Мы попыхтели дальше среди полуденной толпы, свернули за угол. Рой направил машину в сторону Спрингфилда (штат Иллинойс), Нижнего Манхэттена и Пикадилли.
— Ты знаешь, куда мы едем? — спросил я.
— Черт побери, на студии есть отличное место, где можно спрятать тело. Кто его там заметит? На натурных площадках среди абиссинцев, греков, чикагских гангстеров, приведи
туда хоть шесть десятков уличных банд и сорок полковых оркестров Сузы,[49] никто ничего не пронюхает! Дружище, этот труп должен быть где-то здесь!
Подняв клубы пыли, мы в последний раз свернули за угол и въехали в город Томбстоун,[50] штат Аризона.
— Неплохое название для города, — заметил Рой.
9
Было тихо и тепло. В этот час — «Ровно в полдень»[51] — нас окружала тысяча следов, отпечатавшихся в пыли киносъемочных задворок. Некоторые принадлежали Тому Миксу,[52]
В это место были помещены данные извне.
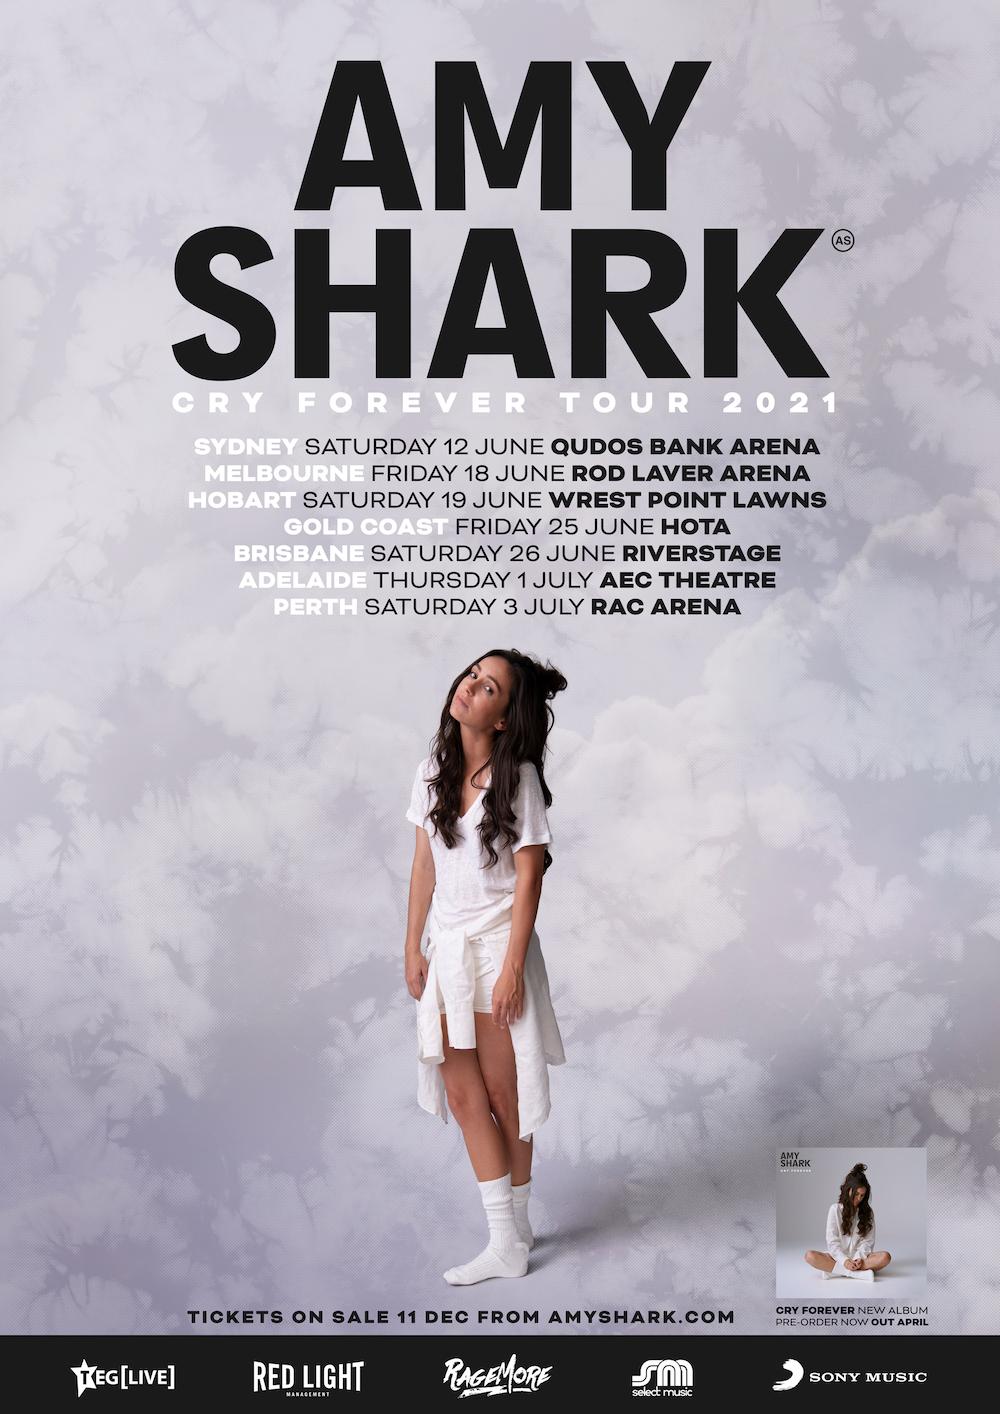 AMY SHARK ANNOUNCES 2021 HEADLINE TOUR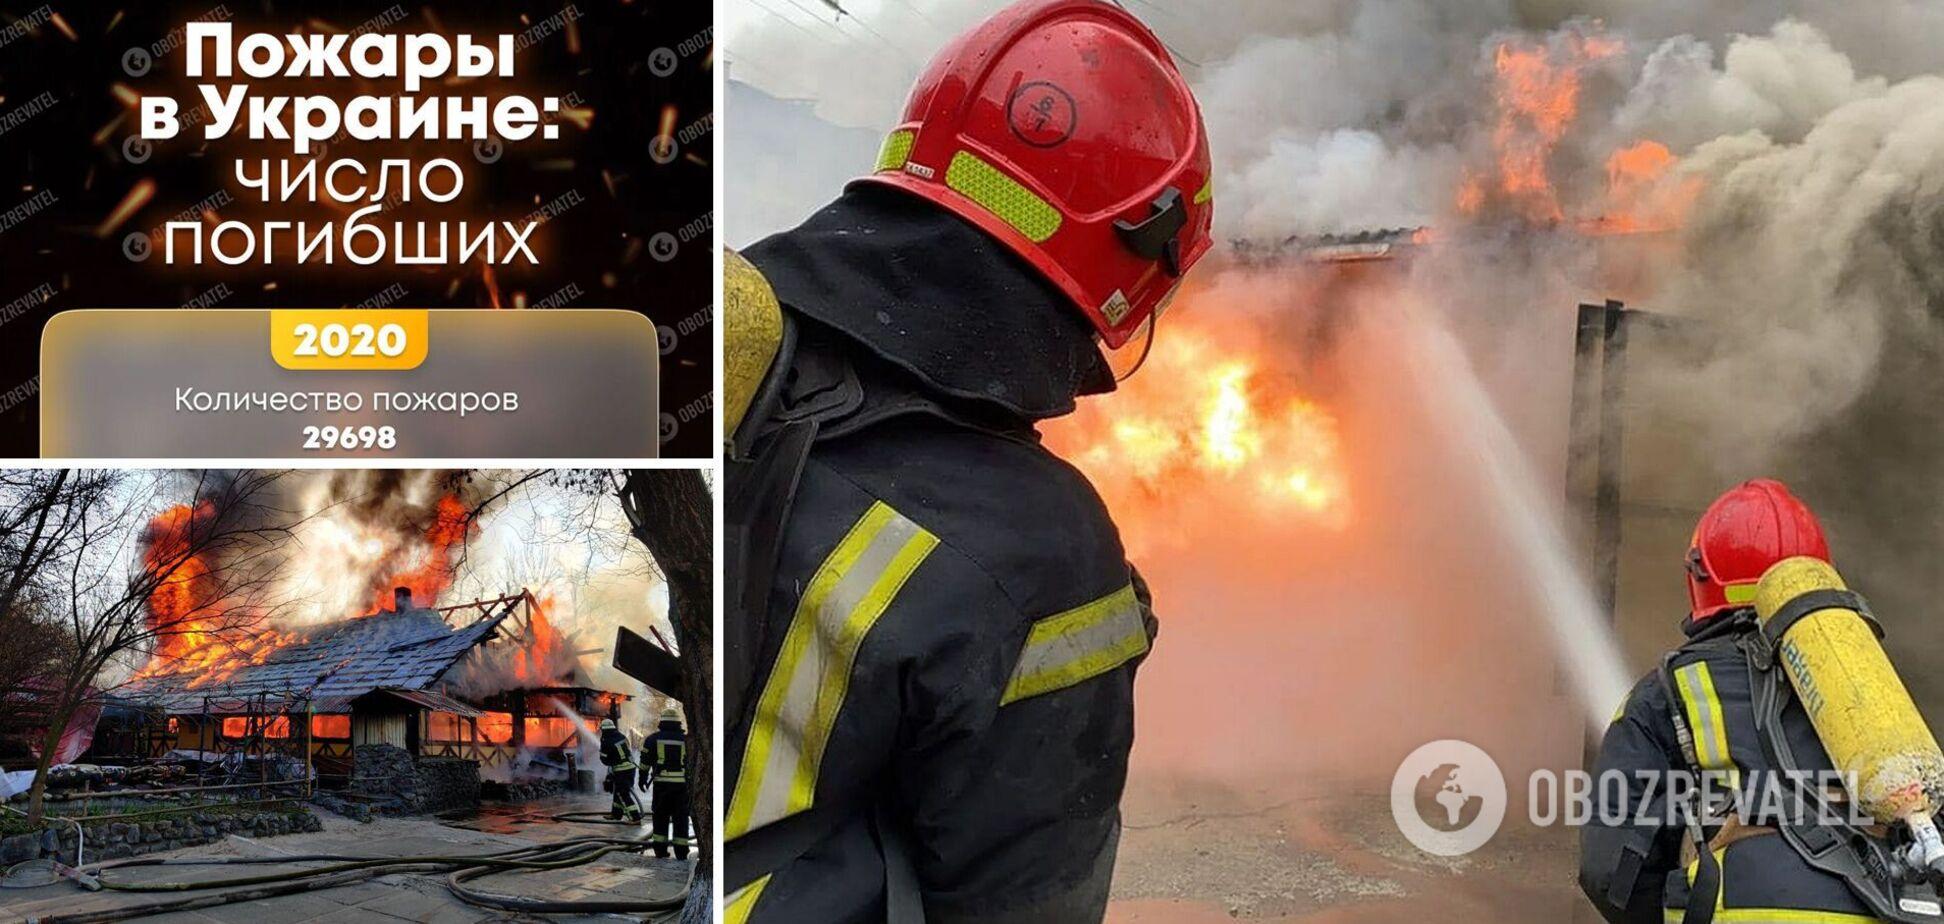 Винні самі? В Україні тисячі людей гинуть під час пожеж: як уберегтися

Хуту Гибсону[53] и Кену Мейнарду.[54] Взметая горячую пыль, я смотрел, как ветер уносит прочь память. Конечно, их следы не могли сохраниться, пыль не вечна, и даже
отпечатки огромных сапог Джона Уэйна[55] давно улетучились, и точно так же следы от сандалий Матфея, Марка, Луки и Иоанна исчезли с песчаного берега Галилейского моря
всего в сотне ярдов отсюда, на площадке № 12. Тем не менее здесь все еще пахло лошадьми, и вот-вот сюда подкатит дилижанс с грузом свежих сценариев и новой бандой
вооруженных ковбоев. Я не мог отказать себе в тихой радости просто посидеть в стареньком «фордике» Лорела и Харди, глядя на паровоз времен Гражданской войны, который
заправляли углем дважды в год, и он превращался то в поезд 9.10 из Галвестона, то в траурный поезд Линкольна,[56] везущий его домой — о господи! — домой!
Наконец я спросил Роя:
— Почему ты так уверен, что труп здесь?
— Черт побери! — Рой топнул ногой по полу машины, как однажды Гэри Купер[57] — по коровьей лепешке. — Посмотри-ка внимательно на эти строения.
Я присмотрелся.
Здесь, в этом уголке Дикого Запада, за фальшивыми фасадами скрывались сварочные цеха, музеи старинных автомобилей, склады декораций и…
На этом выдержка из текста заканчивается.